## INSTRUCTIONS TO FOLLOW
Starting at the first line of the data, print every line up to and including the one with "Newcastle in Co", but no pictures.

## PROVIDED MATERIAL
'''

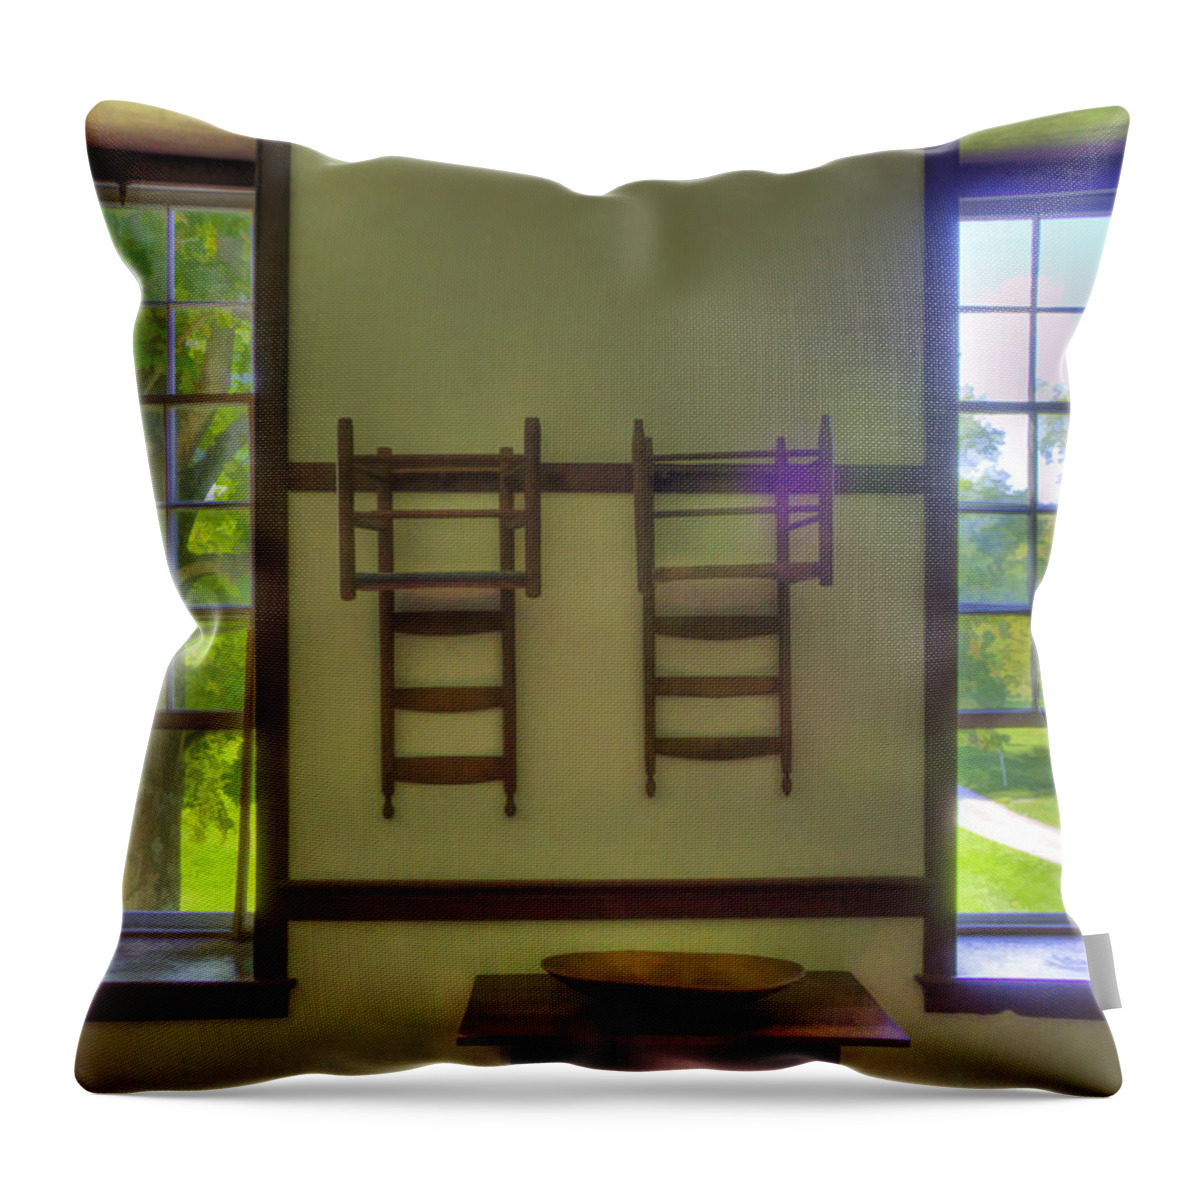 Shaker Throw Pillow featuring the photograph Shaker Dining by Sam Davis Johnson
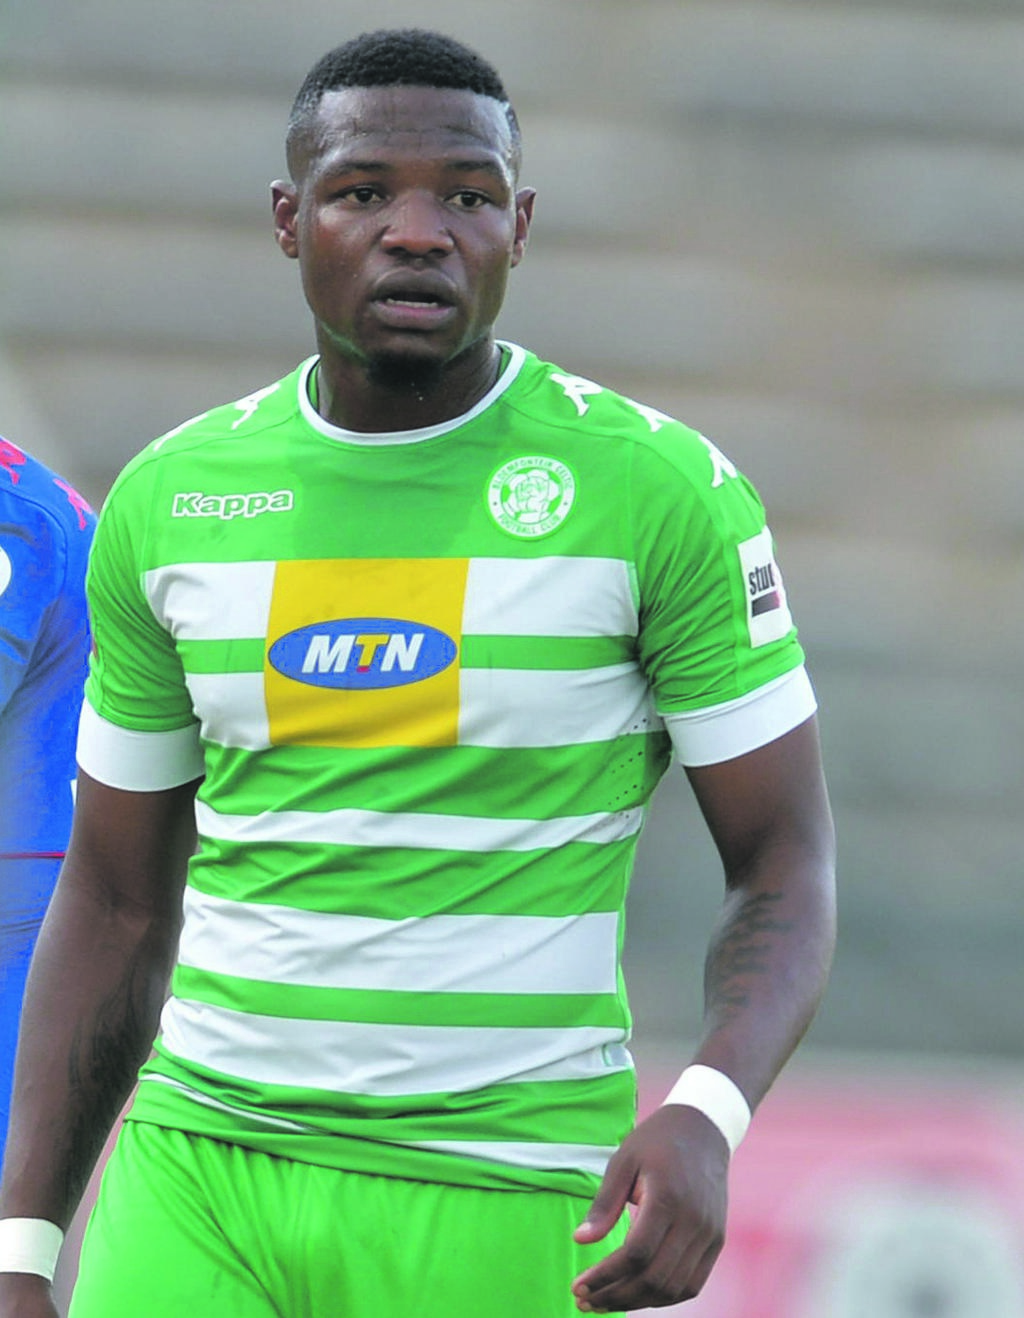 Tshegofatso Mabaso vows to make a meaningful contribution to Bafana Bafana if given a chance. Photo by GalloImages
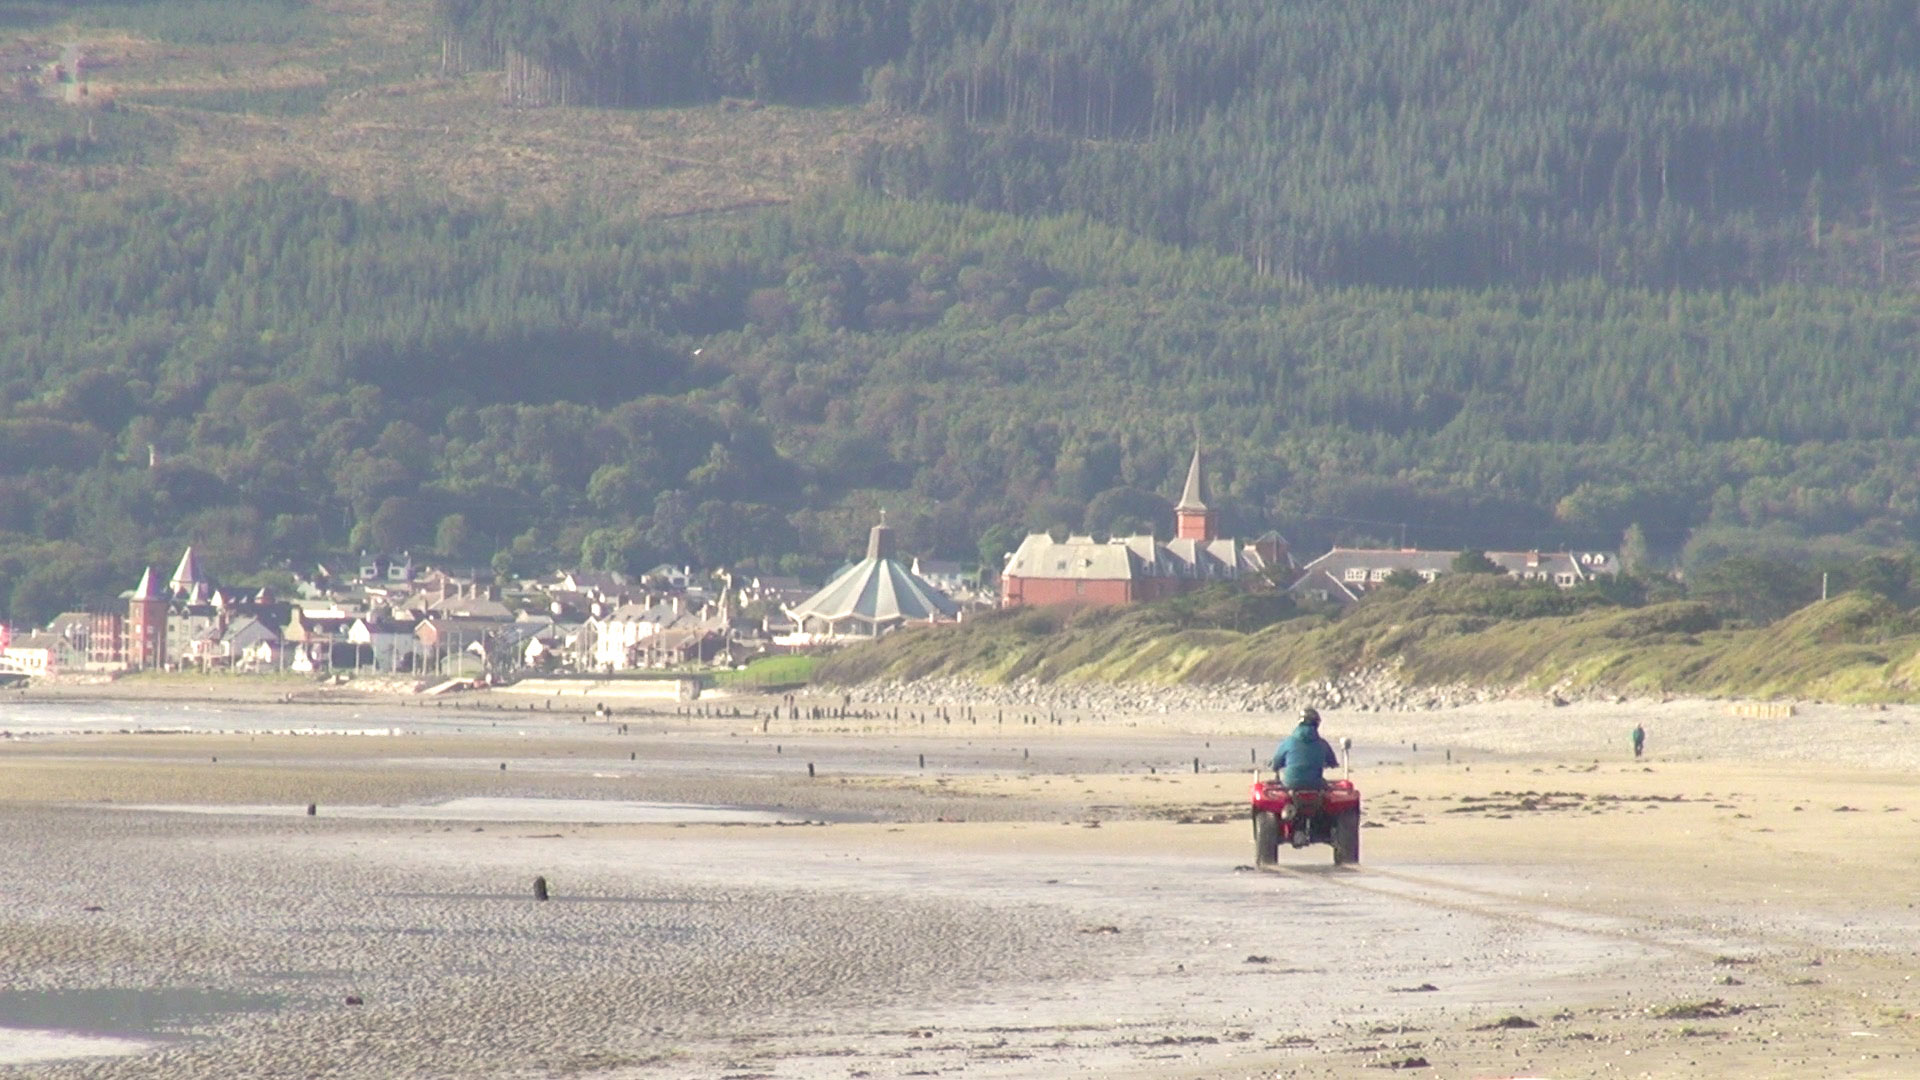 Newcastle in Co Down has experienced a loss of most of its sandy beaches due to erosion processes
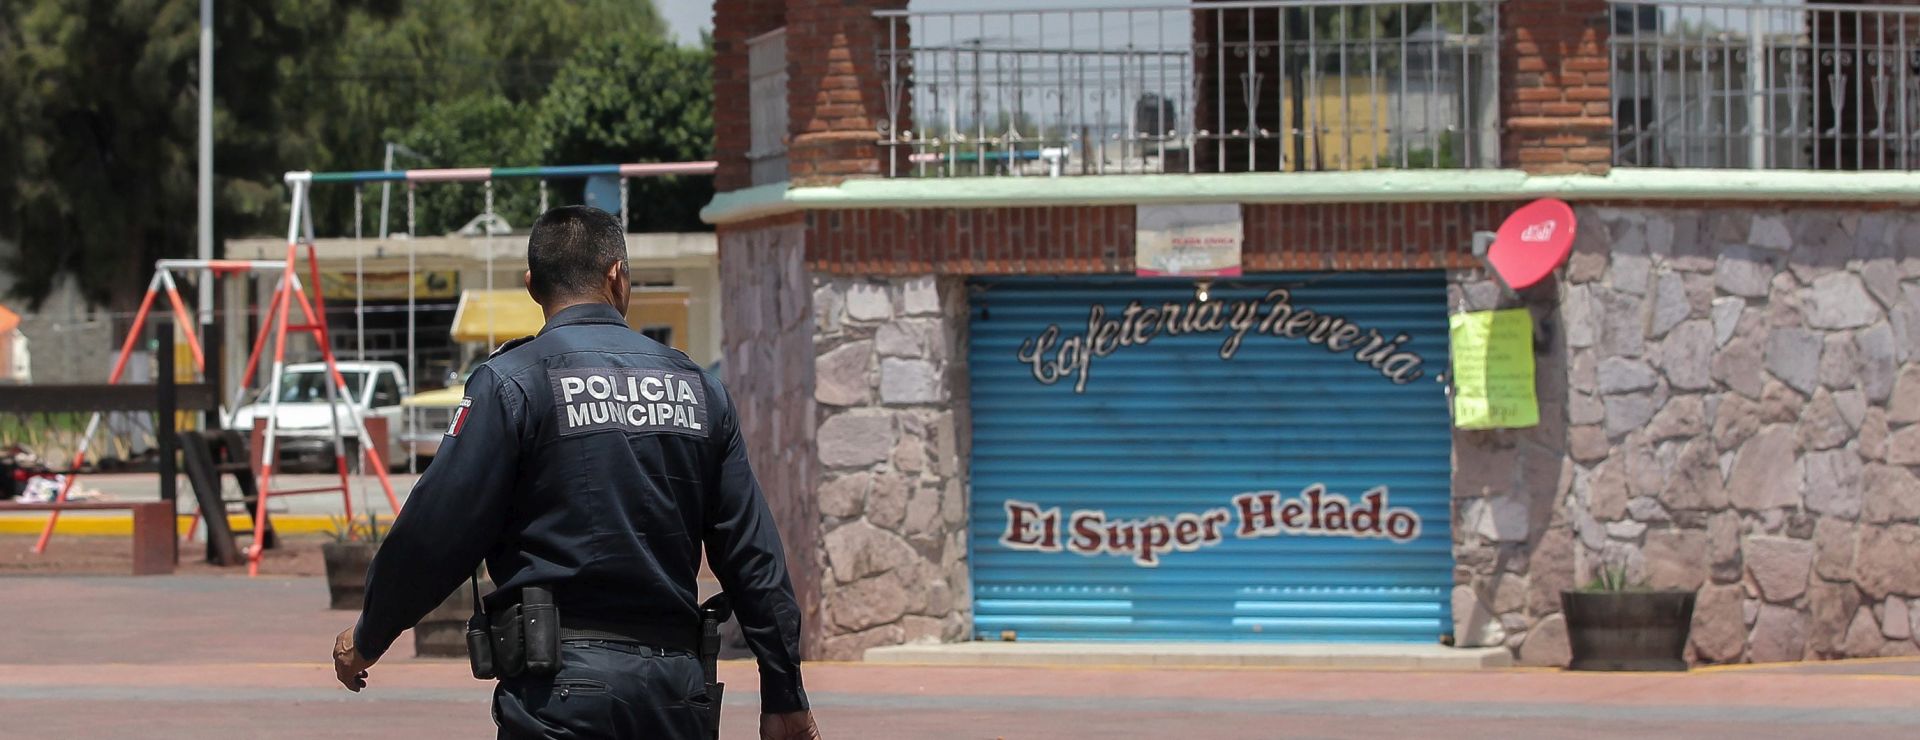 epa05329259 A police officer walks across the deserted central square of Santiago Atlatongo village, Mexico, 25 May 2016, where local residents killed two alleged kidnappers to death on 24 May. The Attorney's General Office explained that 18 people had been arrested for their possible participation in the lynching of three people accused of kidnapping a resident. Three alleged kidnappers were lynched, with two of them suffering fatal wounds after being attacked by hundreds of residents of the community, according to local media reports. Reports on 25 May state that the 18 people who were detained in connection with the lynching have been released.  EPA/ALEX CRUZ

'''

## ANSWER SPACE
 Shaker Throw Pillow featuring the photograph Shaker Dining by Sam Davis Johnson
 Tshegofatso Mabaso vows to make a meaningful contribution to Bafana Bafana if given a chance. Photo by GalloImages
 Newcastle in Co Down has experienced a loss of most of its sandy beaches due to erosion processes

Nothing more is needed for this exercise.